Grant Bishop is the Calgary-based founder of KnightFork, which builds data-driven tools for carbon pricing and the energy transition.
Since the United States passed its Inflation Reduction Act in August, the storyline has been that Canada is being dumped as an attractive locale for decarbonization investments.
Canada’s markets for emission credits and offsets are considered too complex, opaque and vulnerable to shifting political winds. In contrast, the U.S. IRA provides tax credits of clearly specified value for new renewable power, battery storage, and carbon capture and storage (CCS). In the lingo of finance, this makes stateside investment “bankable,” giving lending a solid expectation of payback.
Understandably preferring guaranteed returns, our energy sector and infrastructure players are pushing for Canada to adopt IRA-style subsidies. And they have a point. In its upcoming fall economic statement, Ottawa should seek to anchor certainty for future carbon prices and help carbon markets mature.
But abandoning carbon markets as Canada’s key tool for long-run decarbonization to copy U.S. policies would be a mistake. In its IRA, Congress chose to subsidize decarbonization investments at taxpayers’ expense.
There is a better solution: Through so-called “reverse auctions,” the federal government should contract to purchase a given number of carbon credits each year.

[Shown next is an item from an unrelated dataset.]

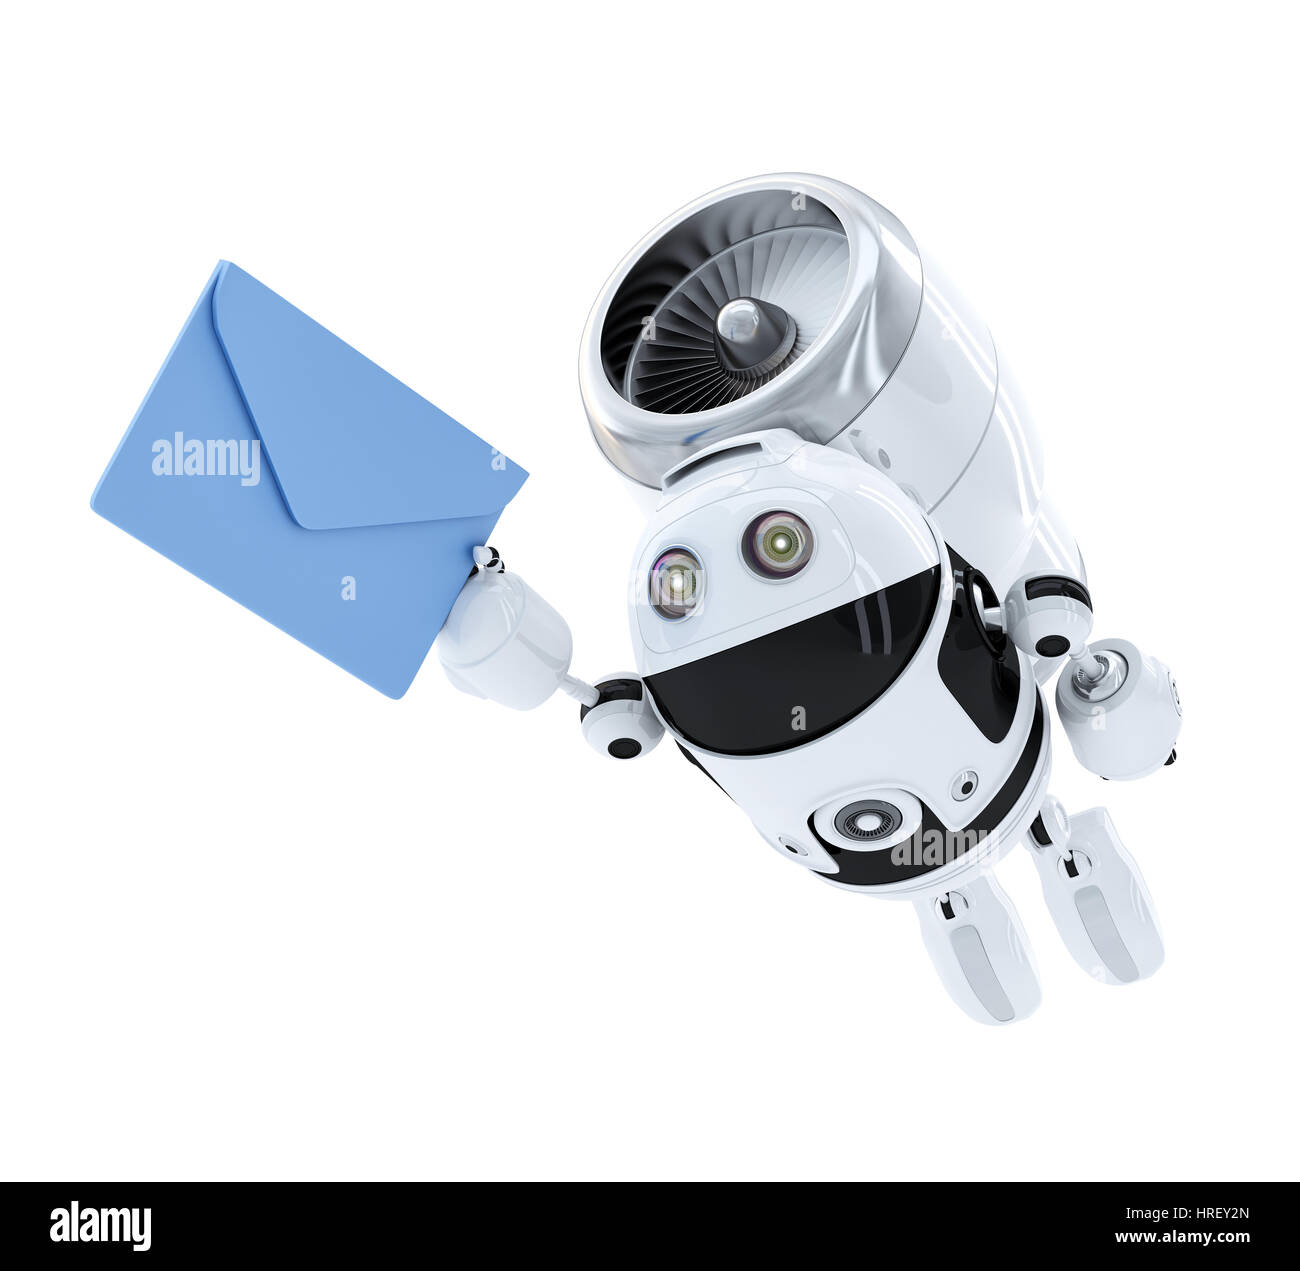 Robot Android flying avec envelppe. E-mail concept de livraison. Isolé Banque D'Images

This would build on the proposal by Blake Shaffer and Dale Beugin for “carbon contracts for difference,” which these authors detail in a new report from Clean Prosperity, a climate-policy organization.

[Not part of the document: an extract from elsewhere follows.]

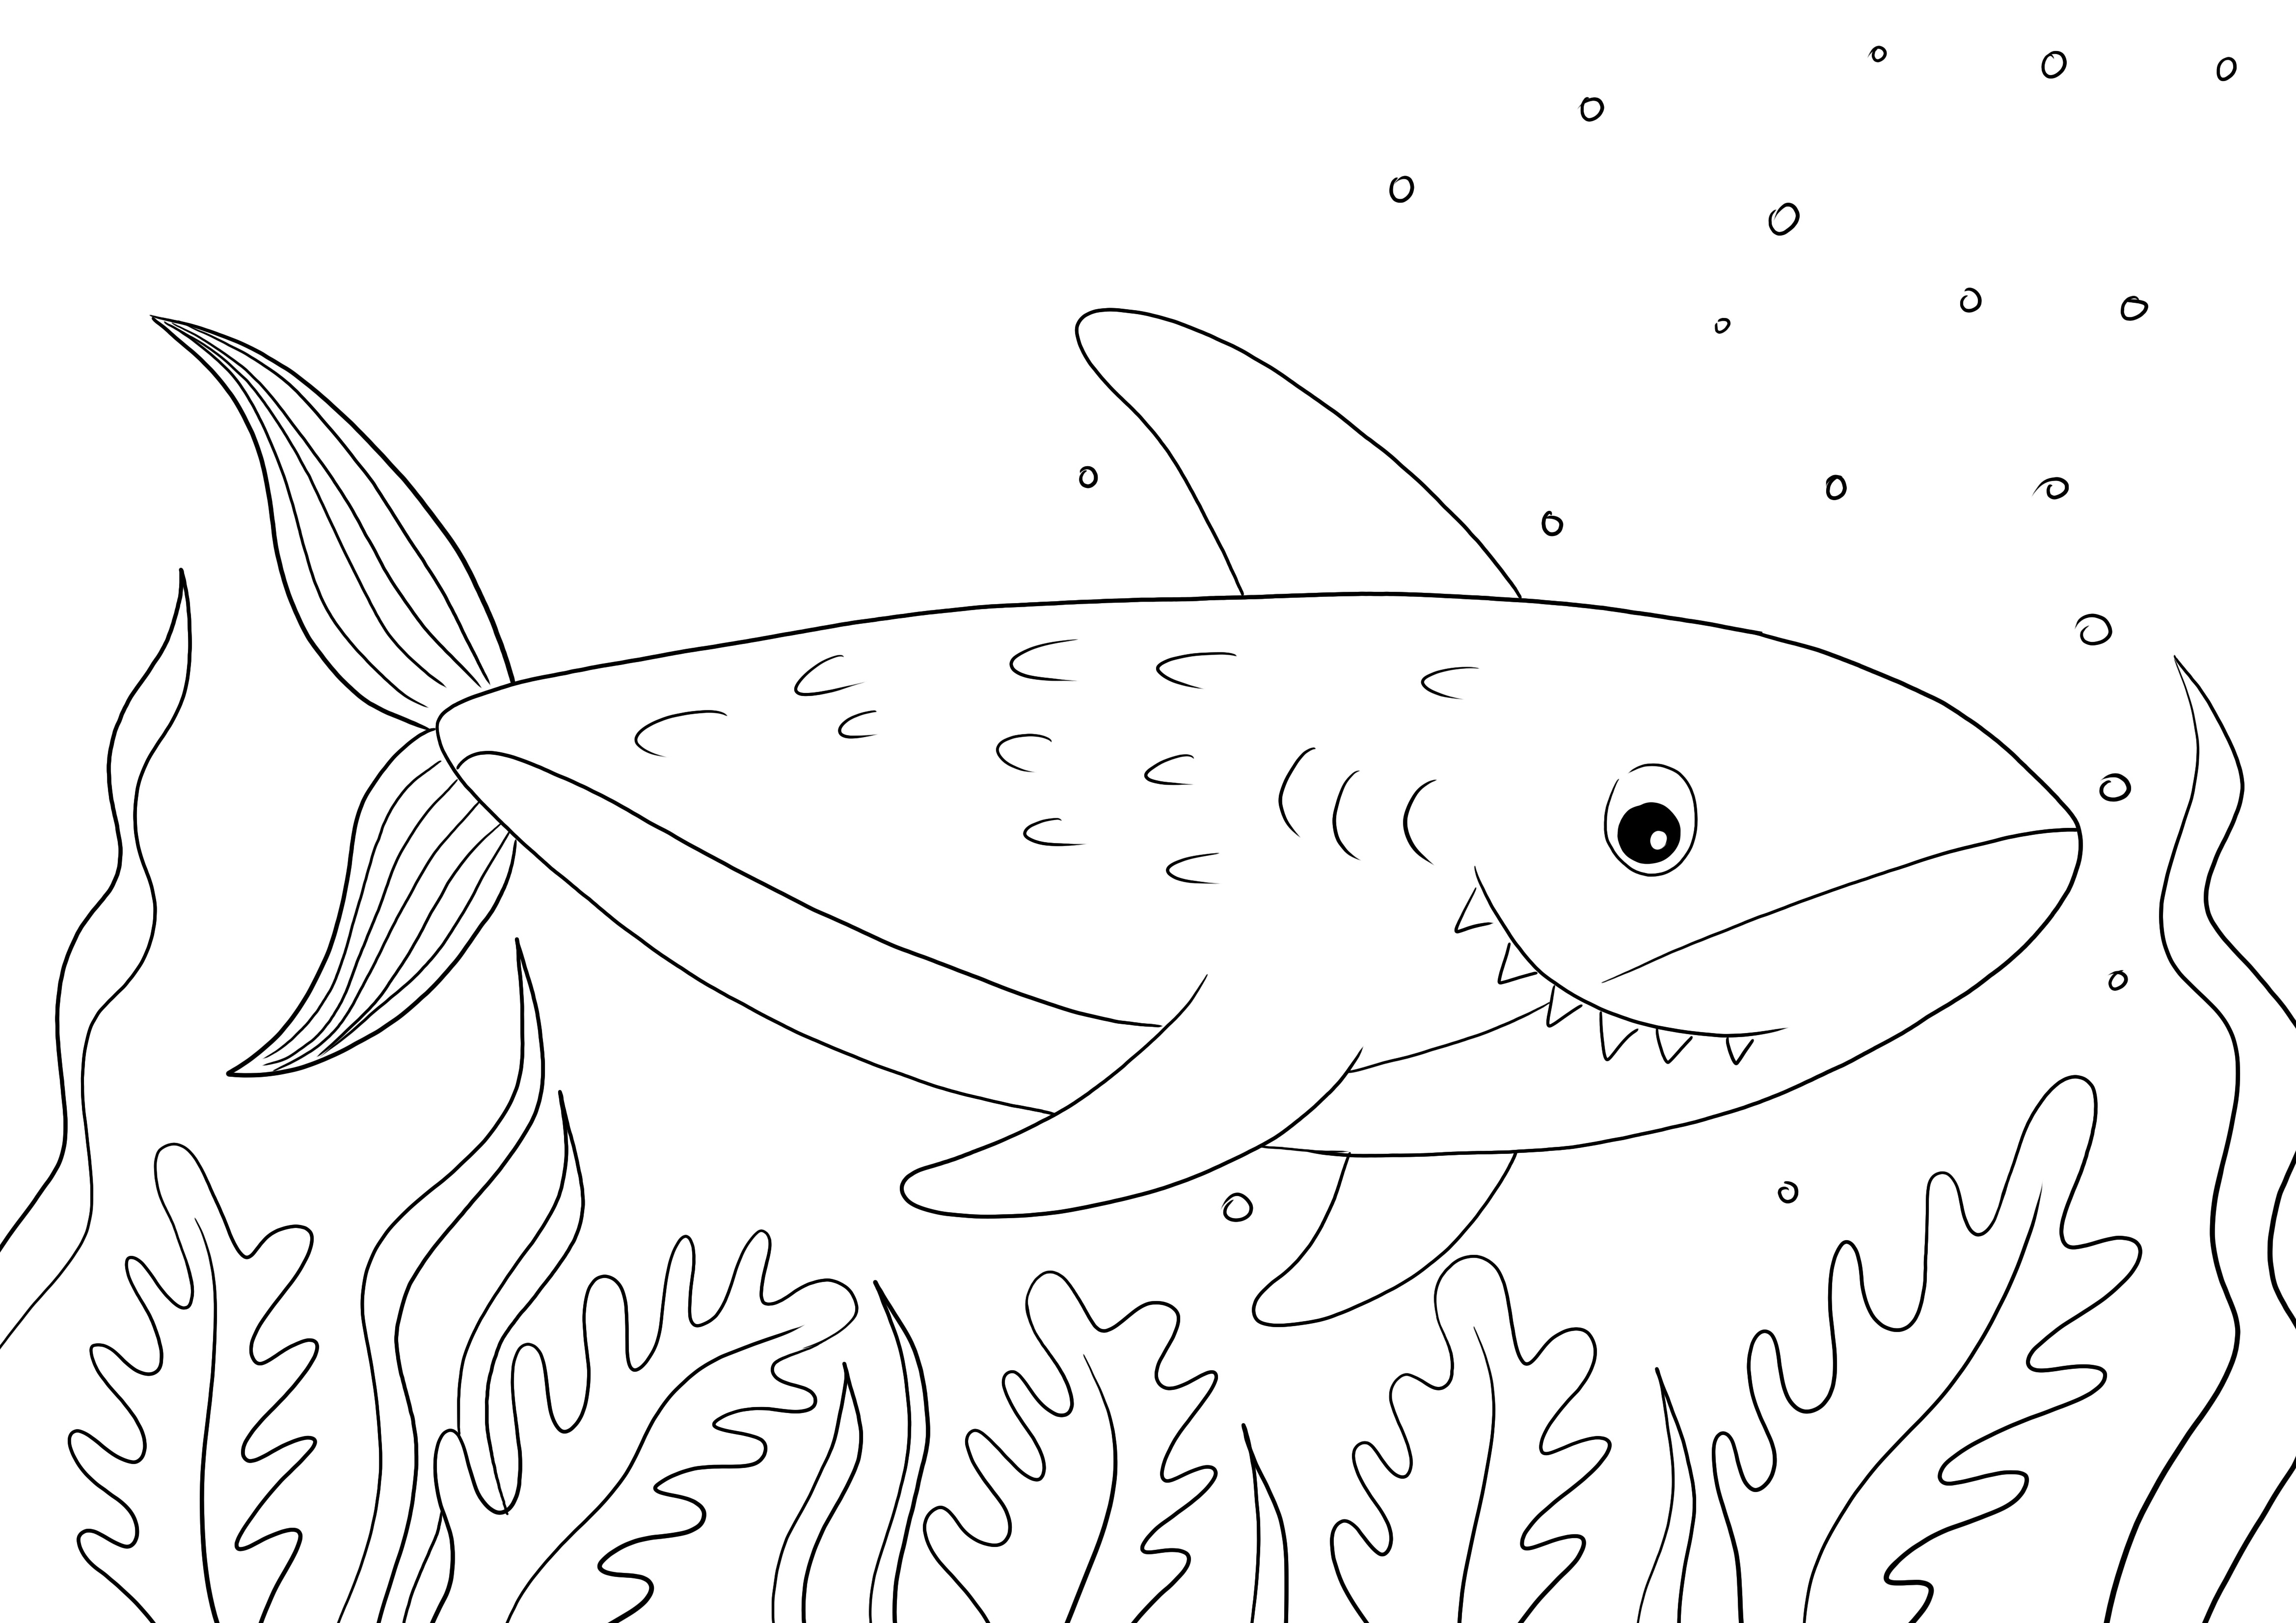 Impression facile et gratuite d'un coloriage de requin pour que les enfants apprennent à connaître les animaux marins

Such a reverse auction would collect offers from developers of decarbonization or renewable-energy projects to sell the future carbon credits those projects would create. Up to a specified amount of credits, Ottawa would acquire the credits offered at the cheapest price. This would provide developers with necessary price certainty for “bankability” of their projects.
The federal government can also serve as a “market maker,” selling to emitters who seek credits for compliance and providing liquidity as these markets mature. Analogous to a central bank’s open market operations, government interventions to stabilize carbon markets can attract financial institutions to provide further liquidity.
The IRA had solved a political problem of pushback by industry but at significant fiscal cost – some estimate at US$800-billion. Lawmakers lack perfect information about each developers’ costs and therefore risk subsidizing projects that would have been built without or with lesser subsidy. While the IRA will accelerate U.S. progress toward its 2030 emissions targets, decarbonizing further will likely require even more generous subsidies – or ultimate adoption of carbon pricing stateside.
On the surface, the IRA tax credits offer projects less value than would offsets under Alberta’s industrial carbon pricing regime. For example, under the IRA, a new CCS project can get a full production tax credit of US$85 per sequestered tonne (assuming it meets various procurement and geographic requirements) over a 12-year crediting period.
In contrast, in Alberta, such projects can create offsets for a 20-year period, and the current federal government requires provinces to increase the carbon price to $170 a tonne by 2030. Alongside the generous investment tax credit for CCS in the last federal budget, these economics should favour investing in decarbonization projects here.
However, one problem is the lack of transparency in carbon markets such as the one under Alberta’s Technology Innovation and Emissions Reduction Regulation – for which no prices for traded credits are reported. As well, as Michael Bernstein of Clean Prosperity and I have emphasized, Alberta must significantly tighten TIER’s stringency to avoid a credit oversupply and depression of credit prices.
But the big deficiency of Canadian carbon pricing is its political vulnerability. Developers have greater confidence in U.S. laws that are passed through Congress and signed by the president. In the words of the first secretary of the treasury, Alexander Hamilton, the U.S. system makes good measures “far more difficult to undo than to do.” However, lacking legislation for future carbon prices in Canada, a developer must bet a future government won’t unwind the current one’s planned 2030 carbon price or relax emitters’ obligations.
Therefore, by contracting to acquire credits at a certain price over a project’s life, the federal government can help the developer “hedge” its price risk. Economically, since the value of carbon credits is entirely dependent on federal policy, Ottawa is the most efficient partner to insure developers against policy uncertainty. By inserting itself as a market maker for carbon credits, it can help Canada’s carbon markets mature and get the most efficient decarbonization projects built.
Canada will need carbon pricing for decades to come. Now is the time for Ottawa to strengthen carbon markets rather than heap the country’s decarbonization bill on taxpayers.